Art in Focus: John Butts – View of Cork from Audley Place

Butts produced many paintings of the Cork countryside, but died penniless in Dublin


What is it?
John Butts's View of Cork from Audley Place is a fine topographical view of Cork city, probably painted around 1750. The old Custom House, now the Crawford Gallery, is visible in the centre of the composition. One of the two observers in the foreground points out St Anne's Church tower in Shandon. Part of the water to the left was soon the site of urban expansions and is now partly occupied by Patrick Street.

How was it done?
Butts's picture cleverly stitches together two distinct views of the city from north of the Lee so that they blend convincingly into a whole that would not be entirely visible from a single viewpoint. Born in 1728, Butts apprenticed as a landscape painter and produced many paintings of the countryside around Cork, mingling factual and invented elements in line with prevailing pictorial fashion. He manages the sweep of this topographic view very effectively and it confirms his reported skill with colour, light and shade. His figures, though, have what Peter Murray has termed a "plasticine" quality. The presence of a dog in also a trademark in his paintings.

Where can I see it?
The painting takes centre stage in Under the Goldie Fish in the Modern Galleries of the Crawford Art Gallery, Emmet Place Cork (crawfordartgallery.ie) until August 19th. The title is from Cork-born writer Cónal Creedon's cult 1990s radio programme, chronicling the lives of a cast of fantasy characters under the golden fish weather vane on St Anne's Church. The exhibition offers a topographical, artists' eyes' view of Cork's evolving urban fabric from the 18th century onwards. Works from the Crawford's collection by Nathanial Grogan, Eileen Healy, Harry Moore and Robert Lowe Stopford also feature.

Is it a typical work by the artist?
Not quite.
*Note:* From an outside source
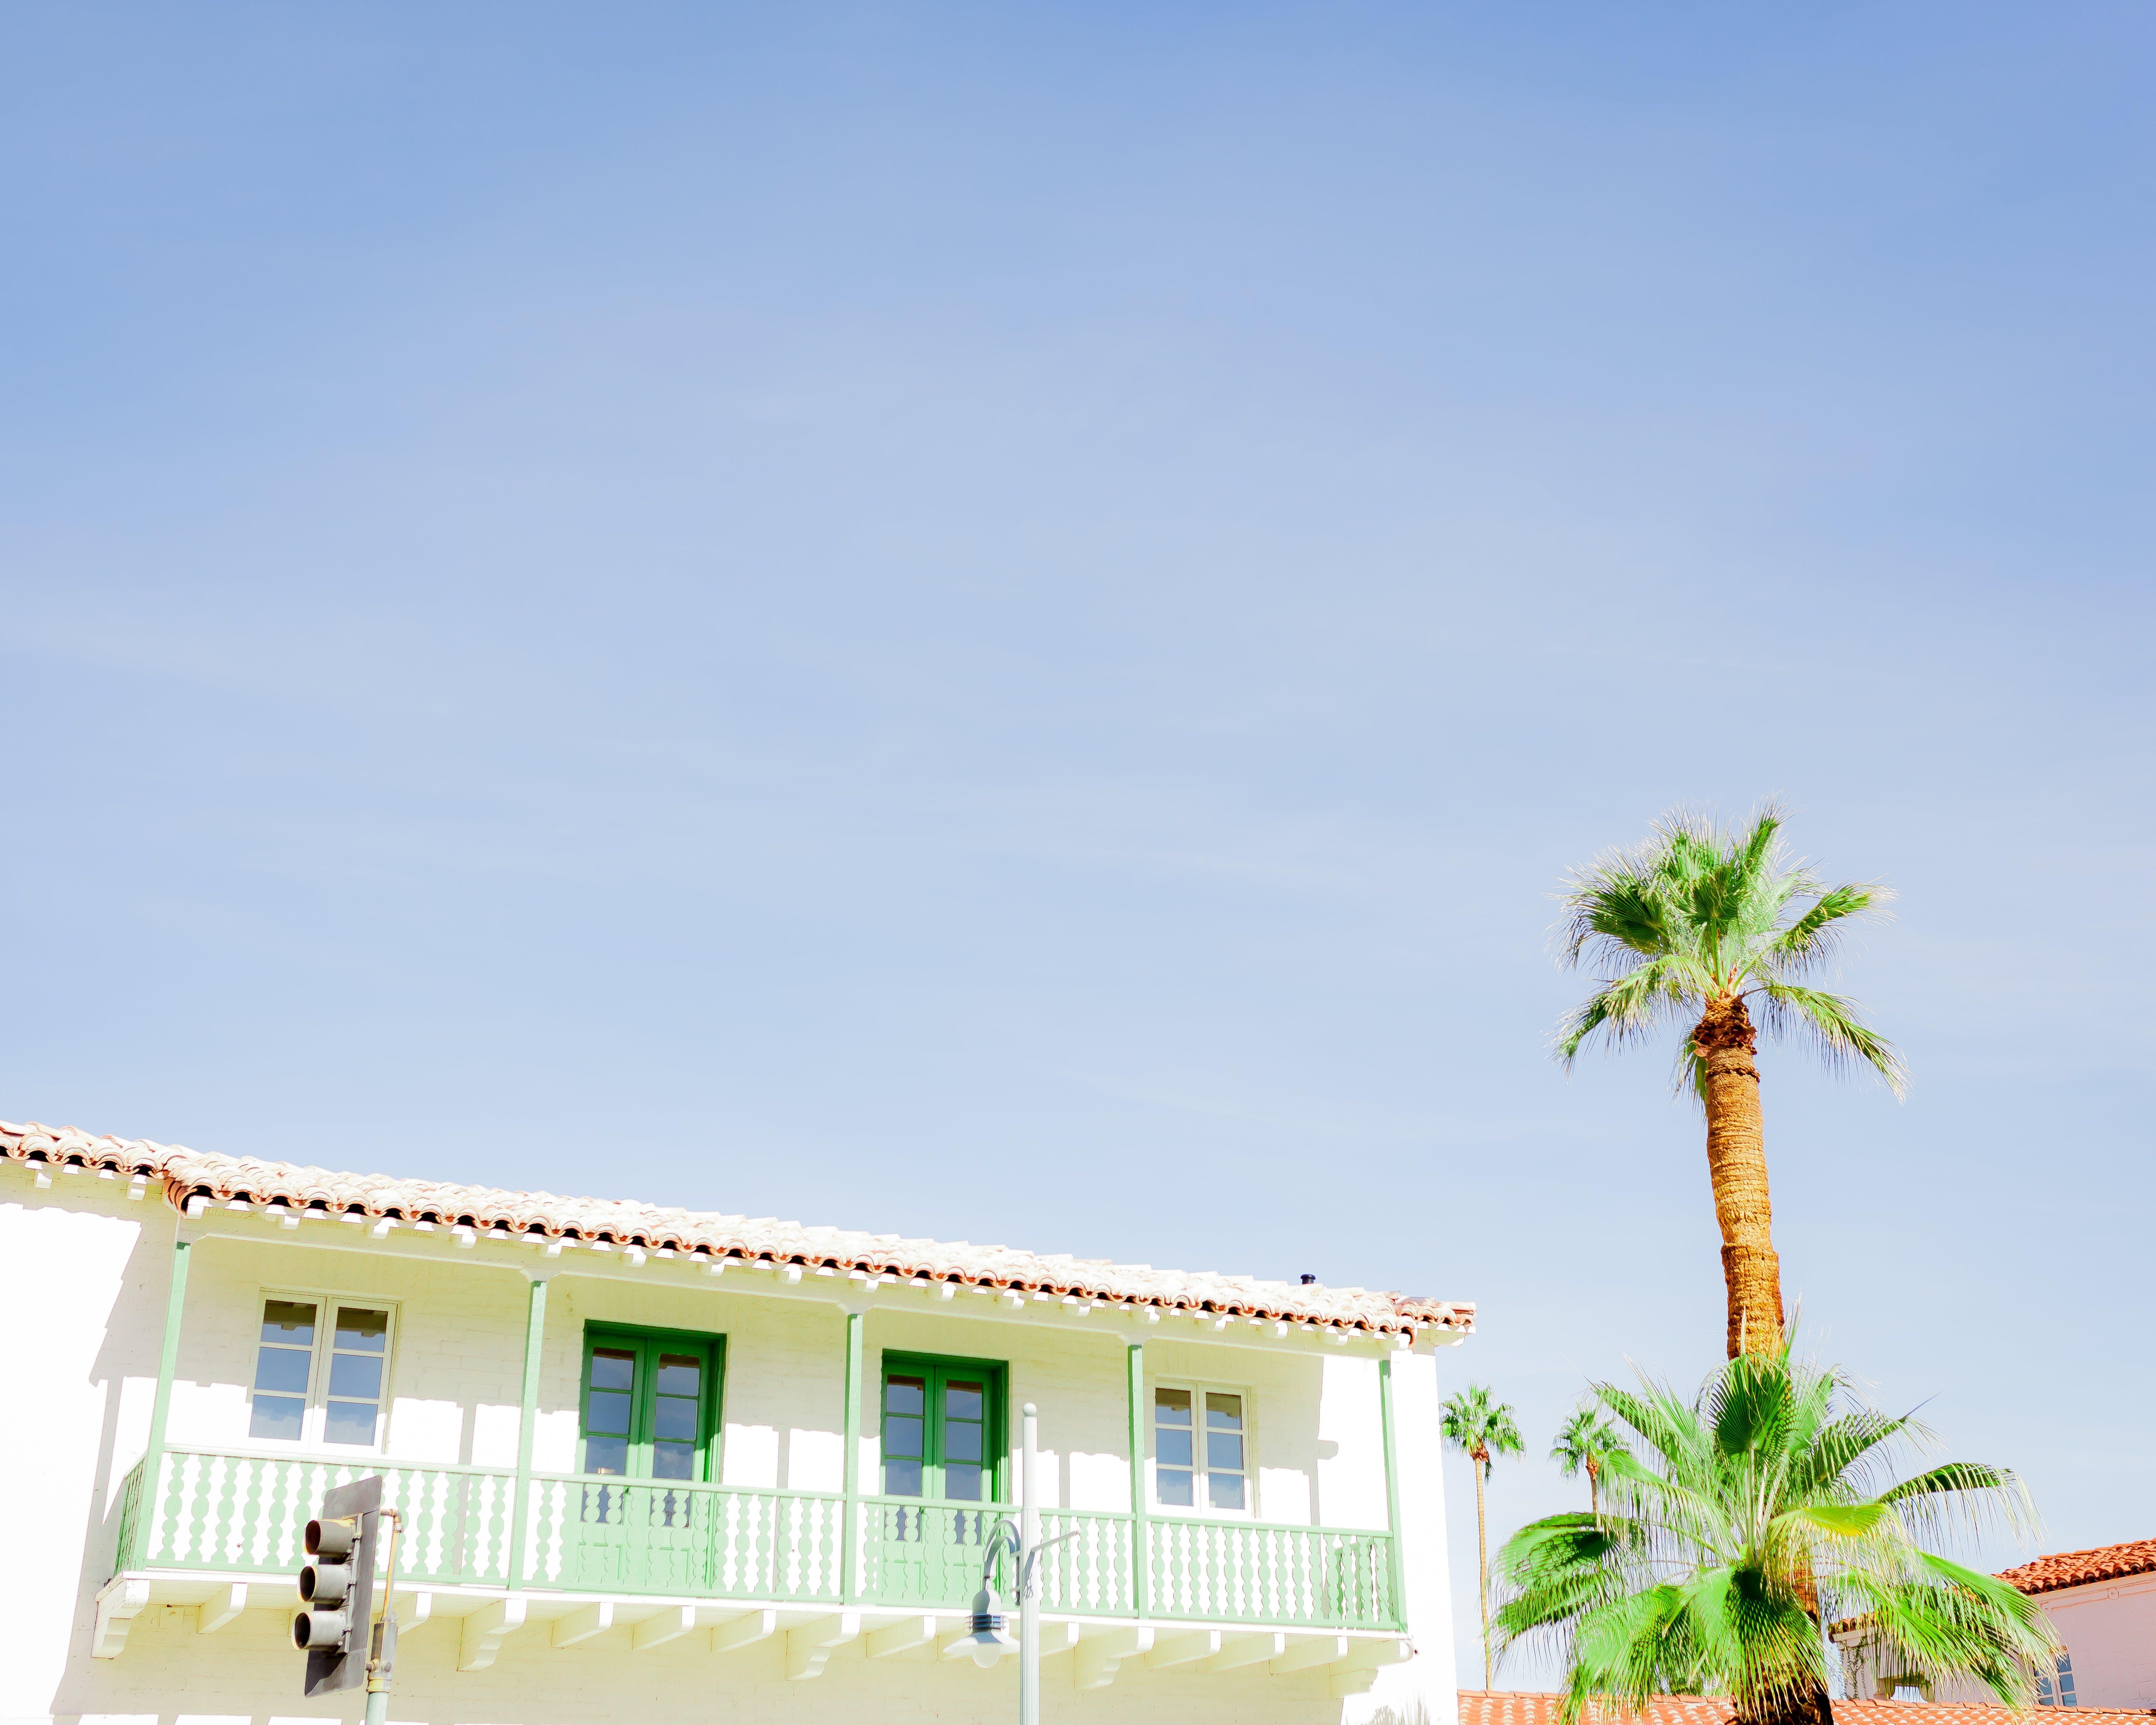 Palm Tree Under Blue Sky
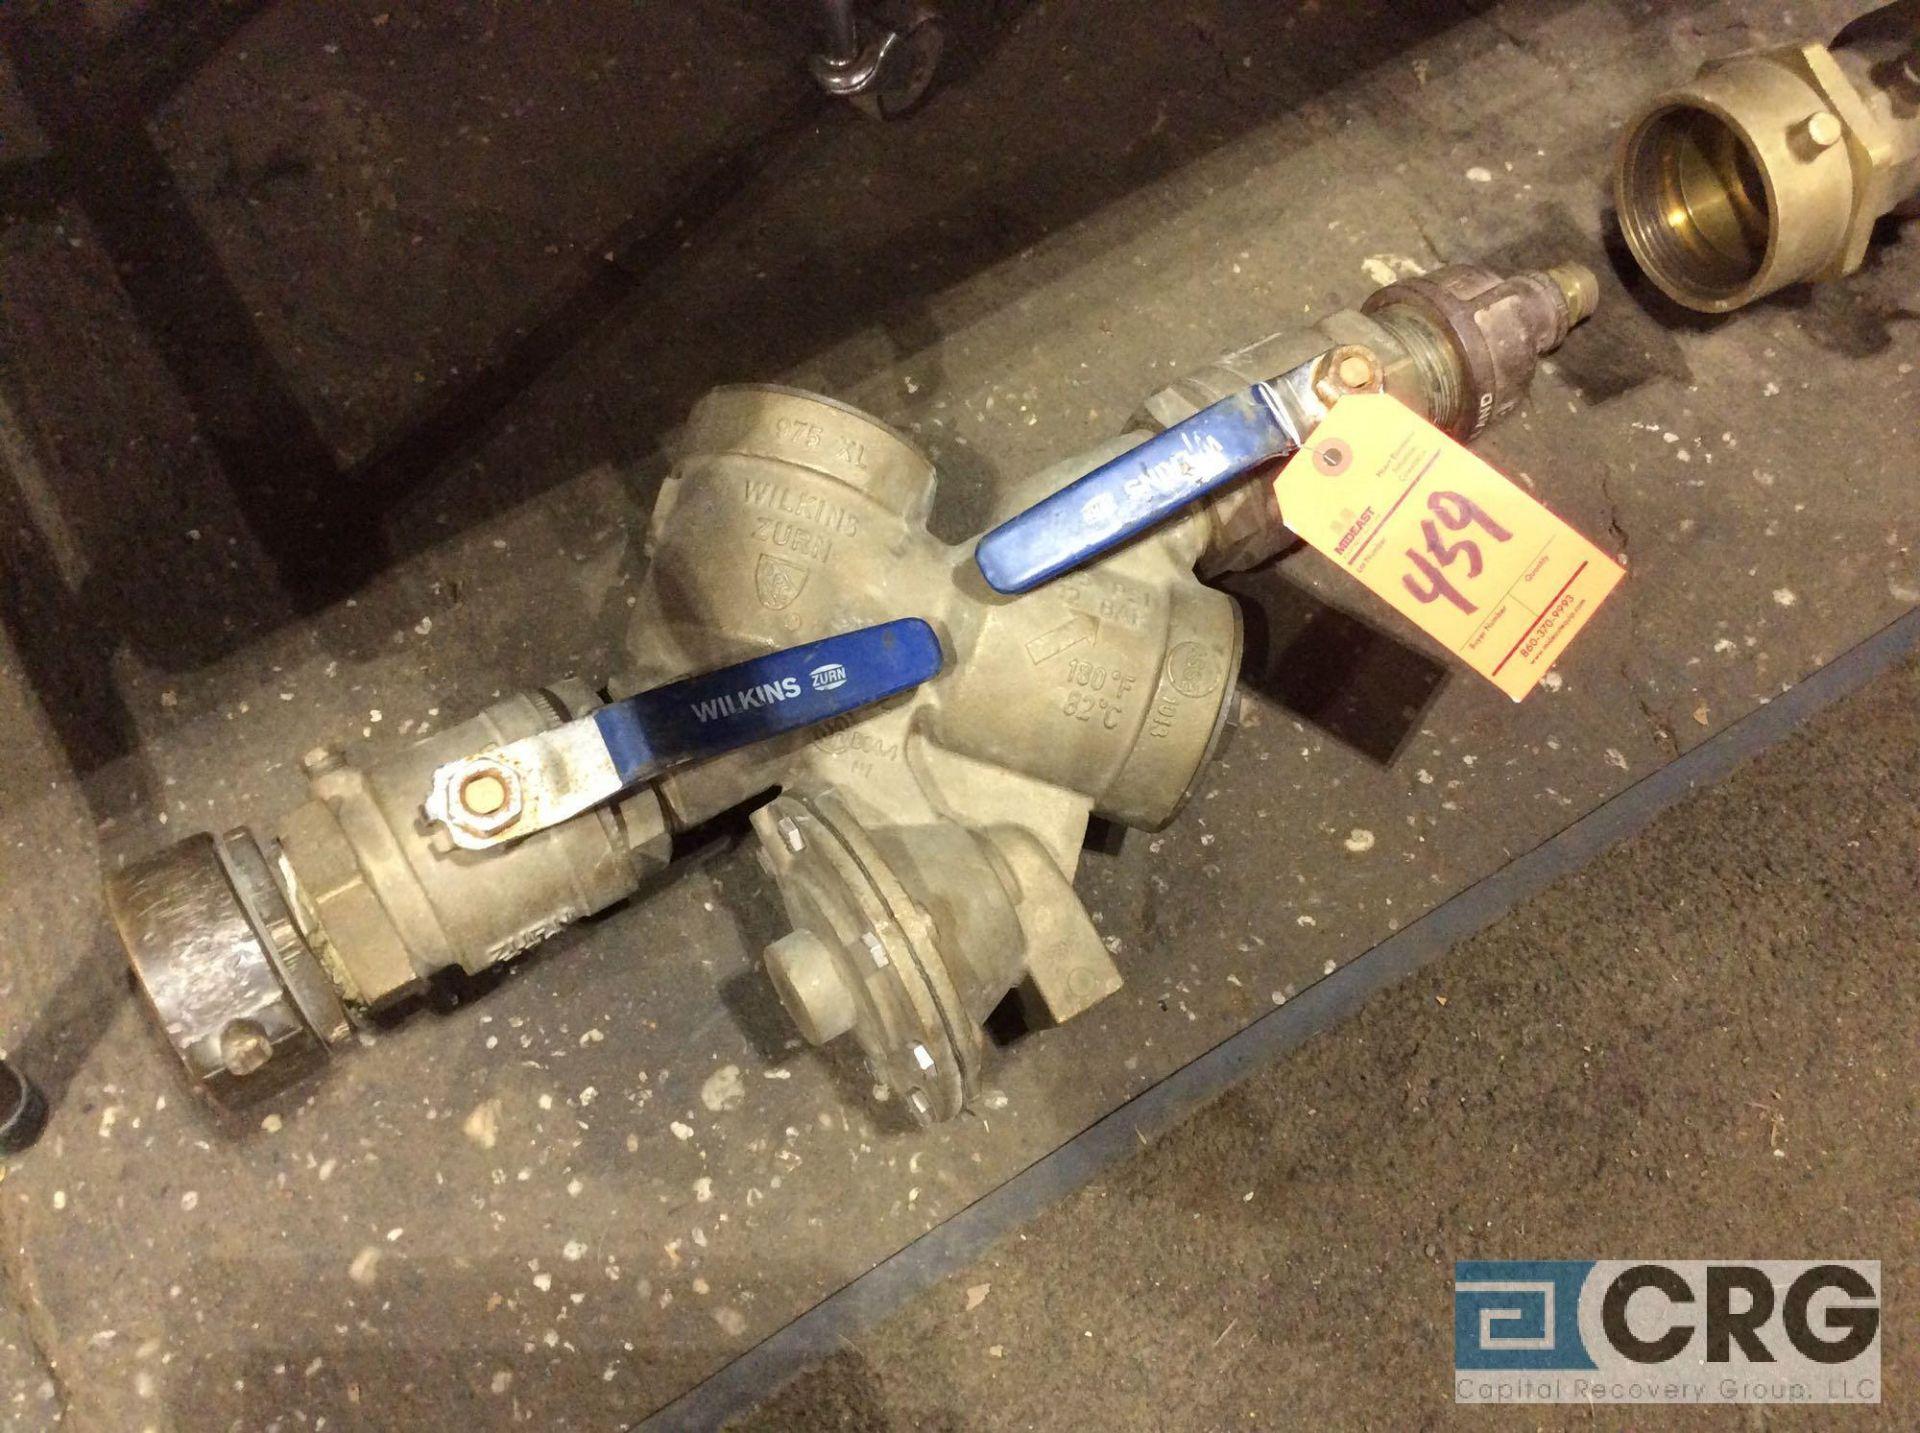 Lot 459 - Wilkins 2 inch back flow preventer

Of great historical interest, View of Cork is a jewel in the crown of the collection of Cork Crawford Art Gallery. Previously attributed to another artist, Nathaniel Grogan, and in a private collection, it was purchased by the McCarthy family at auction in 2005 and gifted to the Crawford, when there was still some debate about who had in fact painted it. Some 12 years Butts' junior, Grogan actually studied for a time with the older artist and the confusion over authorship is understandable given the overlaps and similarities between them. Like Butts, Grogan came from a working class background, and he too struggled to survive as an artist without the benefit of affluent patrons. It's not the only time the unlucky Butts was at the centre of questions of authorship: he is also thought to have painted works previously attributed to George Barret and Thomas Roberts. Despite being adept and industrious, he struggled to make a living in Cork and, with his wife and children, moved to Dublin in 1757, where he worked as a scene-painter at the Crow Street Theatre (by no means the only artist to turn to scene-painting to make ends meet). He tried to establish himself as a painter and won the occasional commission but sold little. His erratic habits – including, reportedly, his drinking – told against him and he resorted to sign painting and hackwork, selling humorous bar-room sketches for pennies, for example. He was in dire financial straits when he died, in 1765.